|
It's
often instructive, and fun, to look back into our history, even if
it's through the notoriously unreliable medium of film. Hollywood has
a way of oversimplifying, sensationalizing, and sometimes downright
falsifying history that can be as appalling as a massacre and as
satisfying as a good meal.
(For
a romp through Hollywood's historical farragoes, find a copy of
George MacDonald Fraser's “The
Hollywood History of the World: From
One Million Years B.C. to
Apocalypse Now.” Settle in by the stove with a pot of tea or a
glass of port and prepare to have a lot of fun.)
Of
the history which some of us remember, most of it came to us
indirectly through newspapers, radio, and television, so re-living it
on film is no great stretch, even if what we see sometimes doesn't
jibe with what we remember.
Of
what happened in the 1970s I don't remember a whole lot, because that
was one of the many periods when I (mercifully) didn't have a
television. But even though I didn't see the Frost-Nixon interviews
in 1977, I heard about them, and read about them, and there were few
who didn't.
The
scandal that led to the resignation of our 37th
president, the one who gave us the phrase “expletive deleted,”
had something about it that was as inexorable as fate, and as tawdry
as a bawdy house.
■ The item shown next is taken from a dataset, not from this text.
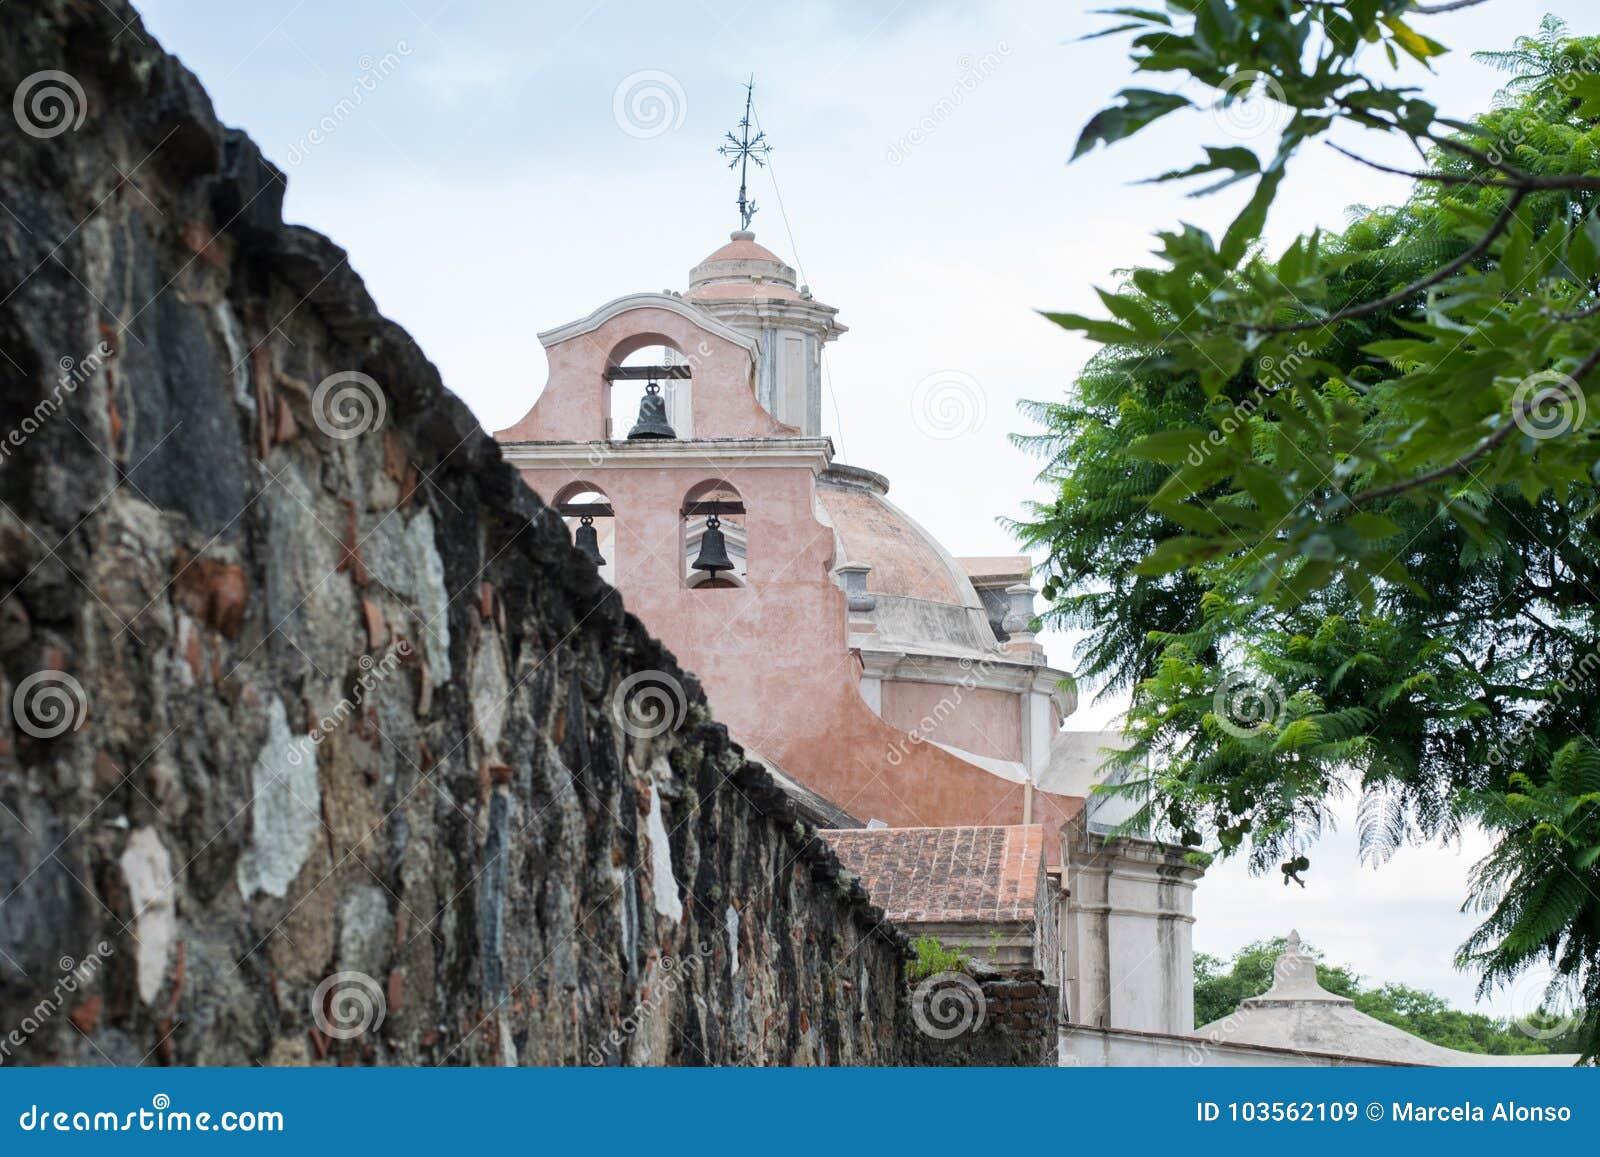 Jésuites architecture, patrimoine mondial, église, musée Alta Gracia
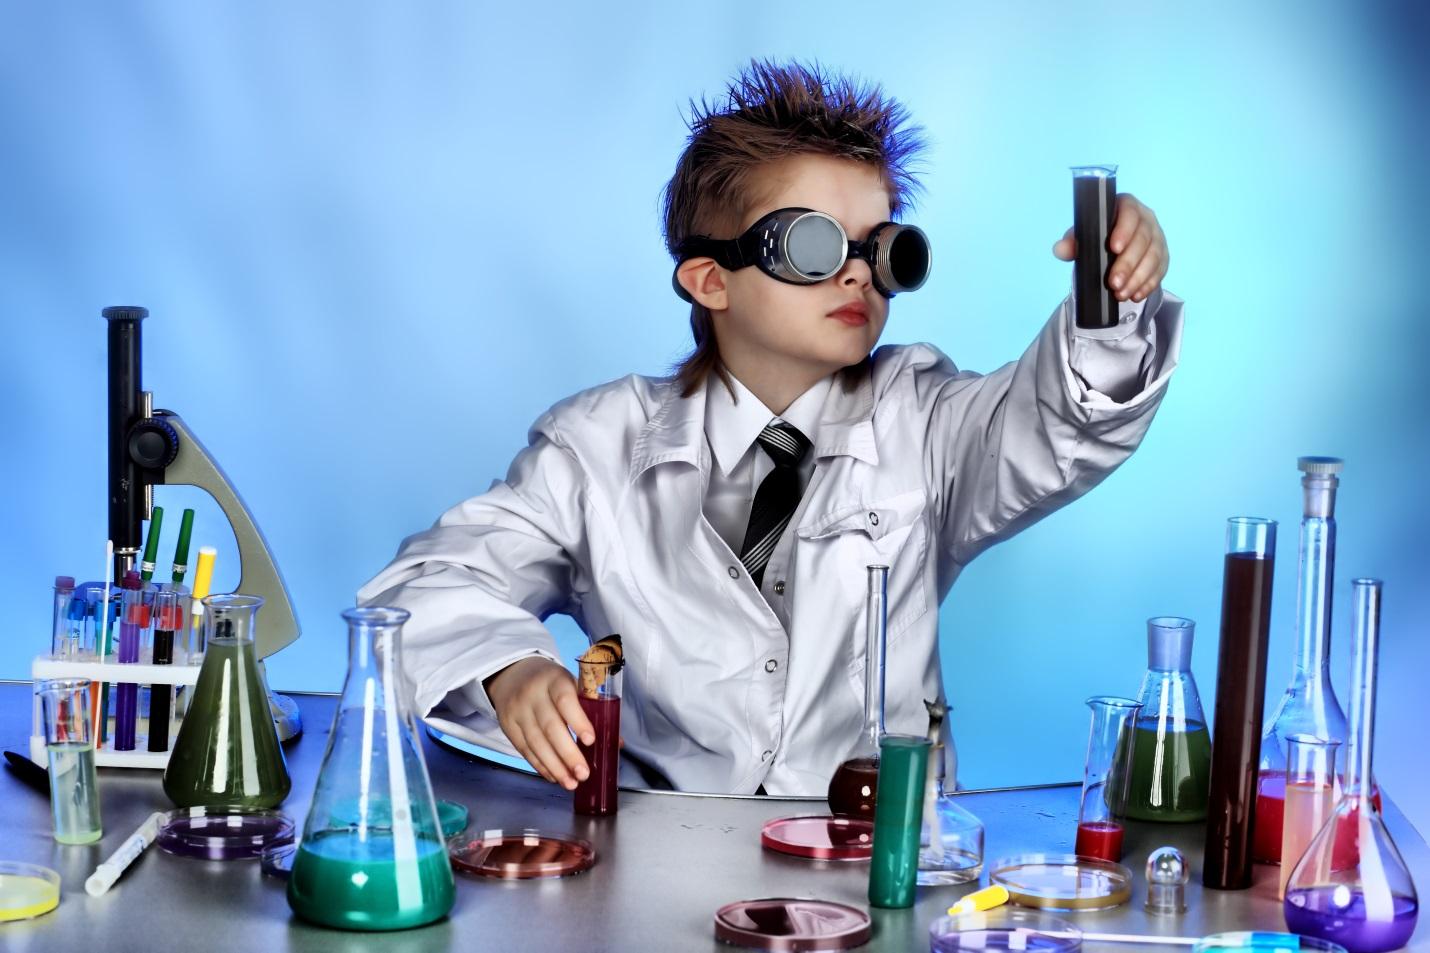 http://akademia-atn.pl/wp-content/uploads/2014/01/eksperymenty-dla-dzieci1.jpg

David Frost's series of interviews with the former
president had the widely-perceived effect of taking the place of the
trial Nixon avoided for his wrong-doing, in which admitted (at least)
that he had made mistakes, that he had participated in a cover-up,
and that he had “let the American people down.”
Whether
or not this admission had a cathartic effect on the American people,
who had been torn apart by controversy and violence over the Viet Nam
conflict, it is certain that more Americans witnessed it than any
other media event.
When
Peter Morgan set out to write his play, “Frost/Nixon,” he
certainly was not bound, as a playwright, to hew to historical
accuracy any more than Shakespeare was, or any more than he himself
was in his screenplay for “The Queen.” And what a tour-de-force
THAT was, both for Morgan and for Helen Mirren, who was later invited
to Buckingham Palace, if you can believe it.
What
Morgan did in that film was to intercut scenes of possibly historical
veracity with scenes that were purely fanciful, to bridge incidents
where people seemed to act out of character, supplying
psychologically plausible transitions.
In
“Frost/Nixon” he does that again, using the actual interviews as
a starting point and filling in the in-betweens with educated, and
dramatically viable, guesses.
The
most dramatic is a late-night phone call from Nixon to Frost, in
which the ex-president, several sheets to the wind, goes from
self-pity to belligerence, and inadvertently persuades Frost to enter
the last interview with a take-no-prisoners attitude.
(When
Frost later asks him about the call, Nixon is perturbed because he
doesn't remember it. This chimes with one of Henry Kissinger's
sensationalist memories of “running the country” when the
president had drunk himself into a stupor.)
Director
Ron Howard had the good sense to go with the two accomplished actors
who had played the title roles on stage, both in London and New York.
Michael
Sheen is making a fine career out of playing hapless British
celebrities – he was Tony Blair in “The Queen” - and here he
lets us see behind the genial front to the ravening hunger of the man
Jonathan Miller once called “the bubonic plagiarist.” He has to
be Top Dog, to out-maneuver the Old Pro, even a discredited one. And
yes, many people had haircuts just like that in 1977.
Frank
Langella used to be the handsomest man in film (remember the 1979
“Dracula?”), but he has so submerged himself in the character of
Nixon that at times, in spite of the lack of jowl, some of us
old-timers find ourselves thinking, by God, that's him!
Howard
follows the originals closely, I'm told, in re-creating the
interviews, and in the transitions he makes good use of the hand-held
camera to give a jiggly, nervous, documentary feel to the jiggly,
nervous proceedings.
Jonathan
Aitken, one of Nixon's official biographers, says that "Frost
did not ambush Nixon during the final interview into a damaging
admission of guilt. What the former president 'confessed' about
Watergate was carefully pre-planned. It was only with considerable
help and advice from his adversary's team that Frost managed to get
much more out of Nixon, in the closing sequences, by reining in his
fierce attitude and adopting a gentler approach."
Could
be; I couldn't say. Makes me wish I had had a television.